|
|
|
|
|
by te_platt
5347 days ago
|
|
I agree that most ideas are obvious in retrospect. Still, In my experience most ideas are obvious before hand as well. So what is a good way to define obvious or novel as applied to patents? I have two ideas. 1. Boggle rule. In the game Boggle when two players come up with the same word neither get credit. If from a given time of filing a patent someone else files a similar patent both are rejected. 2. Virgin engineer rule. Take a group of people competent in the field of the proposed patent but without any knowledge of the patent. Give them the problem the patent purports to address. If in a single day their solutions substantially match the proposed patent, reject the patent. |
|
The first is reasonably sound. A potentially very interesting idea is to allow anything filed within 3 months of filing to be considered "prior art", although I'm not sure this would make a huge difference in practice.
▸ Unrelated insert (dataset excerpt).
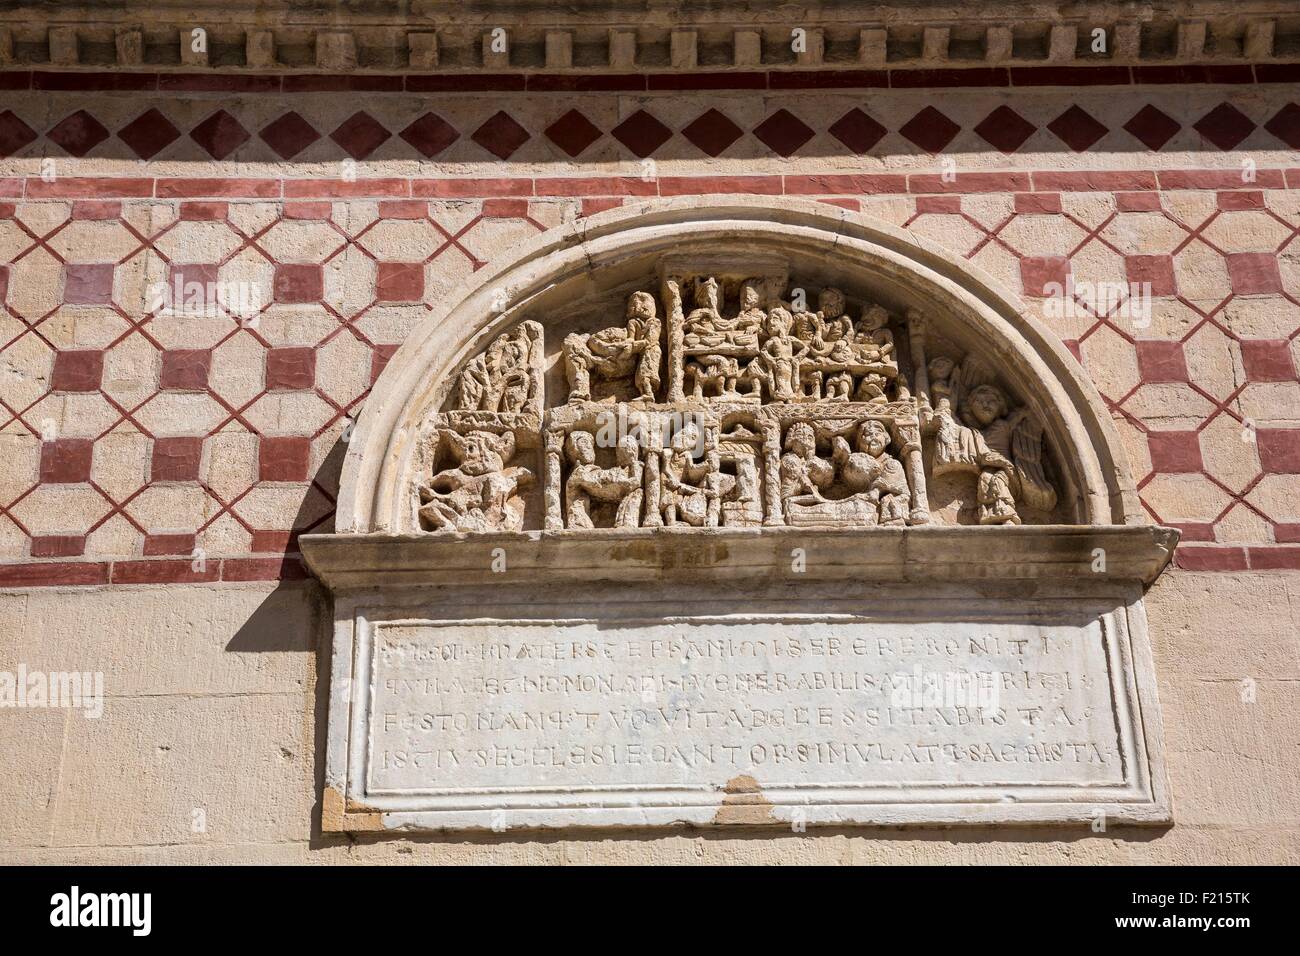 Francia, Ródano, Lyon, sitio histórico, bajorrelieve, St Martin d'Ainay Basílica antigua iglesia abacial de estilo románico (siglo XII) Foto de stock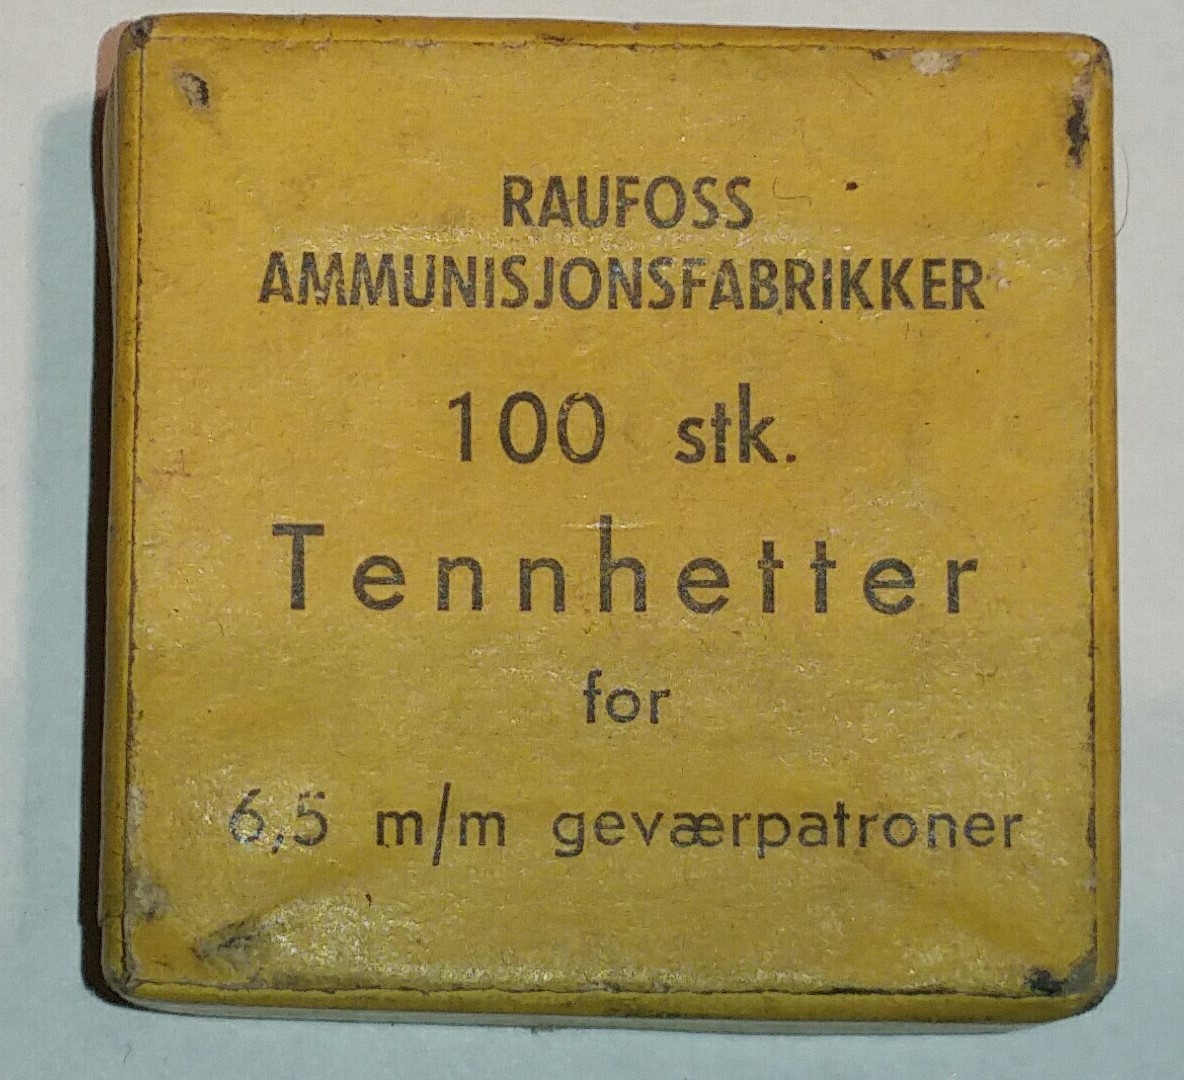 ./ammo/ladekomponenter/bilder/Ladekomponent-Tennhetter-Raufoss-100eske-65mm-Trykk-1.jpg

The second would be very labor intensive if done in practice. Doing this as a thought-experiment is actually how non-obviousness is determined by patent examiners. If an engineer of "ordinary skill in the art" would think the approach obvious given the prior art, then the patent is deemed obvious. I don't know if it's ever been tried to locate 'virgin engineers' to demonstrate that a patent is obvious.
So the second idea is how the system works, although the examiner is supposed to be the group of engineers.